Ingredients
- 1/2 kg mutton, cubed and washed
- 1 1/2 cups daliya or coarsely ground or cracked wheat, (available in grocery stores)
- 1-inch piece ginger
- 3 cloves garlic
- 2 to 3 green chillies (or as per taste)
- 1 tsp turmeric or haldi powder
- 1 tsp cumin or jeera seeds
- 1 tsp garam masala
- 1 medium-sized onion, cut into fine slices for baghar
- 1 tbsp chickpea flour or besan
- 1/4 cup oil
- Salt
- 1 small bunch of mint leaves
- Grind the garlic, ginger and chillies into paste. In a pressure cooker or heavy-bottomed pot, with a lid, add washed mutton, the ground masala, haldi, jeera, garam masala, 2 cups water and half of the oil.
- Pressure-cook or cook till meat is tender.
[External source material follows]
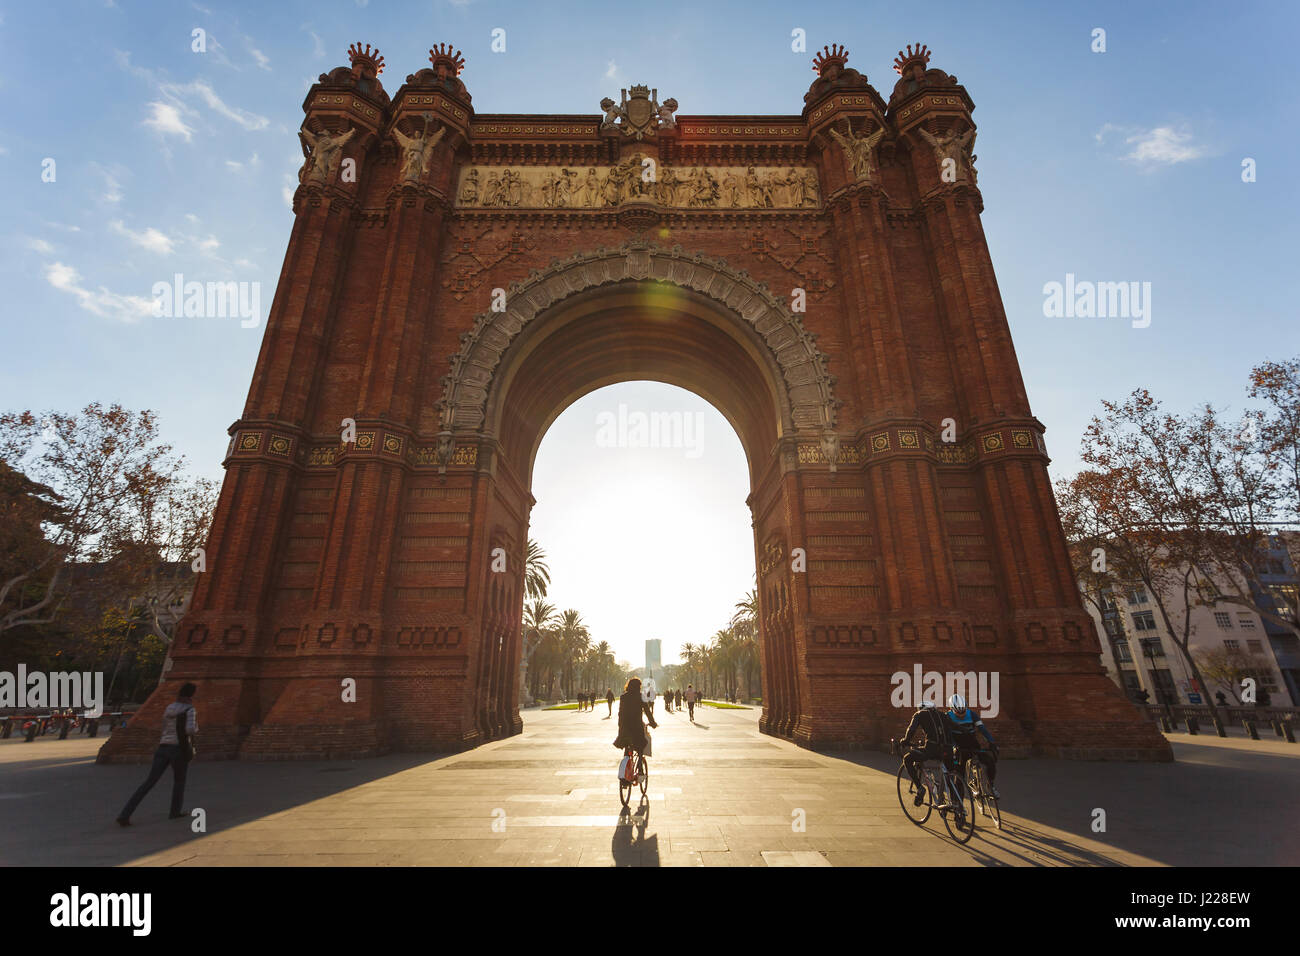 Barcelona, Spanien - 6. Januar 2017: The Arc de Triomph mit Radfahrer wer wird durch den Torbogen in den Vordergrund, sonniger Morgen Stockfoto

- Add 2 cups water, stir in the wheat daliya (cracked wheat) and cook till wheat is done, stirring all the time to prevent wheat from sticking to the bottom of the pot.
- In 1/4 cup of water, dissolve the besan completely; there should be no lumps. Pour the besan mixture into the meat and wheat. Bring to a boil.
- Take the remaining oil in a pan and fry the sliced onion to a crisp brown, but take care not to burn it. Add 1/2 tsp jeera seeds. When they crackle, pour into the meat and wheat mixture. Keep covered for a while. Open and thoroughly mix, till all the oil is absorbed.
- Serve hot in a bowl, garnished with chopped mint leaves.